→ **Task to complete**: Present an exact copy of each line below.
====== Information shown
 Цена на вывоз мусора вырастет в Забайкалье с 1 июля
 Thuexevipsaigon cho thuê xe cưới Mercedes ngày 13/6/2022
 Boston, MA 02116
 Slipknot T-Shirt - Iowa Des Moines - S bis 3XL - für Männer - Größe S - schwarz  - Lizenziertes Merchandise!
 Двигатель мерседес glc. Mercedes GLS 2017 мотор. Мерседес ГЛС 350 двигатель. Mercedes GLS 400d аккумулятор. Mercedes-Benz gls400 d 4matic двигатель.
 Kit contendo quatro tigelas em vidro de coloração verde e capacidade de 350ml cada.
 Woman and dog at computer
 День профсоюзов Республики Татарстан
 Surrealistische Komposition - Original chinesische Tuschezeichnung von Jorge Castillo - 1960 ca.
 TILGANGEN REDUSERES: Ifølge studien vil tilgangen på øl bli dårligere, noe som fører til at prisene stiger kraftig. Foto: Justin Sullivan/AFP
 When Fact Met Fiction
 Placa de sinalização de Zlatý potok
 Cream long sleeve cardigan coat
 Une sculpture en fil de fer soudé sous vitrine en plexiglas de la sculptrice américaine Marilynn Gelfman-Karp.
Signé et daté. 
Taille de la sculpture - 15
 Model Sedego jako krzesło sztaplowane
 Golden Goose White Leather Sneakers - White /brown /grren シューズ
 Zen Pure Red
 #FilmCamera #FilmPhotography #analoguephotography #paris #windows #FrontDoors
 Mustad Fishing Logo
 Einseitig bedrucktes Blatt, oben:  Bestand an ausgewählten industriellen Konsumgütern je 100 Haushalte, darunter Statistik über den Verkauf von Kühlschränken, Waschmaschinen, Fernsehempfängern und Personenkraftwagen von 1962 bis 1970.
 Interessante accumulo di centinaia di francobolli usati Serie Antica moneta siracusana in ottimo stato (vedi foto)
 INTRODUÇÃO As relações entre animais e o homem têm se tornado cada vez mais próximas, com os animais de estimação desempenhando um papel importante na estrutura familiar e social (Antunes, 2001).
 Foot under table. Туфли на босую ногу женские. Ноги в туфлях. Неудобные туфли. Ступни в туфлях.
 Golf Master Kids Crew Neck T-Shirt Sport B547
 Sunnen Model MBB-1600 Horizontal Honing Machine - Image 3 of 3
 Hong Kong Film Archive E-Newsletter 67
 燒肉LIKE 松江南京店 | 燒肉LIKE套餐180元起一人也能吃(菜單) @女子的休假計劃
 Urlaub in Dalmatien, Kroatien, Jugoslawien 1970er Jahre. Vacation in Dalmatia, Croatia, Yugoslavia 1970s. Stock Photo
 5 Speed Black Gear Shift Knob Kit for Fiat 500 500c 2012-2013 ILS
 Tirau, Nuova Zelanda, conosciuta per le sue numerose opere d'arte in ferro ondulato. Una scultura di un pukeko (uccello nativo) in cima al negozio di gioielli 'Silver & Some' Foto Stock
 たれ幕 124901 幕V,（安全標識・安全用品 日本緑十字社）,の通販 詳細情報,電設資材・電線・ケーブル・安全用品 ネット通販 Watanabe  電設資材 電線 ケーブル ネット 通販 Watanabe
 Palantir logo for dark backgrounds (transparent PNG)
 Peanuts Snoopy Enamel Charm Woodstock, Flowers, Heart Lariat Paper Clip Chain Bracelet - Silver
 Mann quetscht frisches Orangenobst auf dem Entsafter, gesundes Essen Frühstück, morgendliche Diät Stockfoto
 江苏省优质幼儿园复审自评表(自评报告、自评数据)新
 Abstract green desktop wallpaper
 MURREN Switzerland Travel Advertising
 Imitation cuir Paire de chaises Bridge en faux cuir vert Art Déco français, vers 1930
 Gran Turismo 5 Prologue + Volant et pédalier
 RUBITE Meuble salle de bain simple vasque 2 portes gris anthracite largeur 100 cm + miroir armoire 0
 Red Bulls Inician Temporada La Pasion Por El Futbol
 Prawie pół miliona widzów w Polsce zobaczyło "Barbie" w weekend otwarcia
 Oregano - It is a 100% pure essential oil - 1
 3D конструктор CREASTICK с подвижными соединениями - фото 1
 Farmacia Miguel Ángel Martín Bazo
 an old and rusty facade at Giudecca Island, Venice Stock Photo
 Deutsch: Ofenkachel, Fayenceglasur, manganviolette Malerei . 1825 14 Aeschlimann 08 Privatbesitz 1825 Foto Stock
============
→ **Answer to this task**:
 Цена на вывоз мусора вырастет в Забайкалье с 1 июля
 Thuexevipsaigon cho thuê xe cưới Mercedes ngày 13/6/2022
 Boston, MA 02116
 Slipknot T-Shirt - Iowa Des Moines - S bis 3XL - für Männer - Größe S - schwarz  - Lizenziertes Merchandise!
 Двигатель мерседес glc. Mercedes GLS 2017 мотор. Мерседес ГЛС 350 двигатель. Mercedes GLS 400d аккумулятор. Mercedes-Benz gls400 d 4matic двигатель.
 Kit contendo quatro tigelas em vidro de coloração verde e capacidade de 350ml cada.
 Woman and dog at computer
 День профсоюзов Республики Татарстан
 Surrealistische Komposition - Original chinesische Tuschezeichnung von Jorge Castillo - 1960 ca.
 TILGANGEN REDUSERES: Ifølge studien vil tilgangen på øl bli dårligere, noe som fører til at prisene stiger kraftig. Foto: Justin Sullivan/AFP
 When Fact Met Fiction
 Placa de sinalização de Zlatý potok
 Cream long sleeve cardigan coat
 Une sculpture en fil de fer soudé sous vitrine en plexiglas de la sculptrice américaine Marilynn Gelfman-Karp.
Signé et daté. 
Taille de la sculpture - 15
 Model Sedego jako krzesło sztaplowane
 Golden Goose White Leather Sneakers - White /brown /grren シューズ
 Zen Pure Red
 #FilmCamera #FilmPhotography #analoguephotography #paris #windows #FrontDoors
 Mustad Fishing Logo
 Einseitig bedrucktes Blatt, oben:  Bestand an ausgewählten industriellen Konsumgütern je 100 Haushalte, darunter Statistik über den Verkauf von Kühlschränken, Waschmaschinen, Fernsehempfängern und Personenkraftwagen von 1962 bis 1970.
 Interessante accumulo di centinaia di francobolli usati Serie Antica moneta siracusana in ottimo stato (vedi foto)
 INTRODUÇÃO As relações entre animais e o homem têm se tornado cada vez mais próximas, com os animais de estimação desempenhando um papel importante na estrutura familiar e social (Antunes, 2001).
 Foot under table. Туфли на босую ногу женские. Ноги в туфлях. Неудобные туфли. Ступни в туфлях.
 Golf Master Kids Crew Neck T-Shirt Sport B547
 Sunnen Model MBB-1600 Horizontal Honing Machine - Image 3 of 3
 Hong Kong Film Archive E-Newsletter 67
 燒肉LIKE 松江南京店 | 燒肉LIKE套餐180元起一人也能吃(菜單) @女子的休假計劃
 Urlaub in Dalmatien, Kroatien, Jugoslawien 1970er Jahre. Vacation in Dalmatia, Croatia, Yugoslavia 1970s. Stock Photo
 5 Speed Black Gear Shift Knob Kit for Fiat 500 500c 2012-2013 ILS
 Tirau, Nuova Zelanda, conosciuta per le sue numerose opere d'arte in ferro ondulato. Una scultura di un pukeko (uccello nativo) in cima al negozio di gioielli 'Silver & Some' Foto Stock
 たれ幕 124901 幕V,（安全標識・安全用品 日本緑十字社）,の通販 詳細情報,電設資材・電線・ケーブル・安全用品 ネット通販 Watanabe  電設資材 電線 ケーブル ネット 通販 Watanabe
 Palantir logo for dark backgrounds (transparent PNG)
 Peanuts Snoopy Enamel Charm Woodstock, Flowers, Heart Lariat Paper Clip Chain Bracelet - Silver
 Mann quetscht frisches Orangenobst auf dem Entsafter, gesundes Essen Frühstück, morgendliche Diät Stockfoto
 江苏省优质幼儿园复审自评表(自评报告、自评数据)新
 Abstract green desktop wallpaper
 MURREN Switzerland Travel Advertising
 Imitation cuir Paire de chaises Bridge en faux cuir vert Art Déco français, vers 1930
 Gran Turismo 5 Prologue + Volant et pédalier
 RUBITE Meuble salle de bain simple vasque 2 portes gris anthracite largeur 100 cm + miroir armoire 0
 Red Bulls Inician Temporada La Pasion Por El Futbol
 Prawie pół miliona widzów w Polsce zobaczyło "Barbie" w weekend otwarcia
 Oregano - It is a 100% pure essential oil - 1
 3D конструктор CREASTICK с подвижными соединениями - фото 1
 Farmacia Miguel Ángel Martín Bazo
 an old and rusty facade at Giudecca Island, Venice Stock Photo
 Deutsch: Ofenkachel, Fayenceglasur, manganviolette Malerei . 1825 14 Aeschlimann 08 Privatbesitz 1825 Foto Stock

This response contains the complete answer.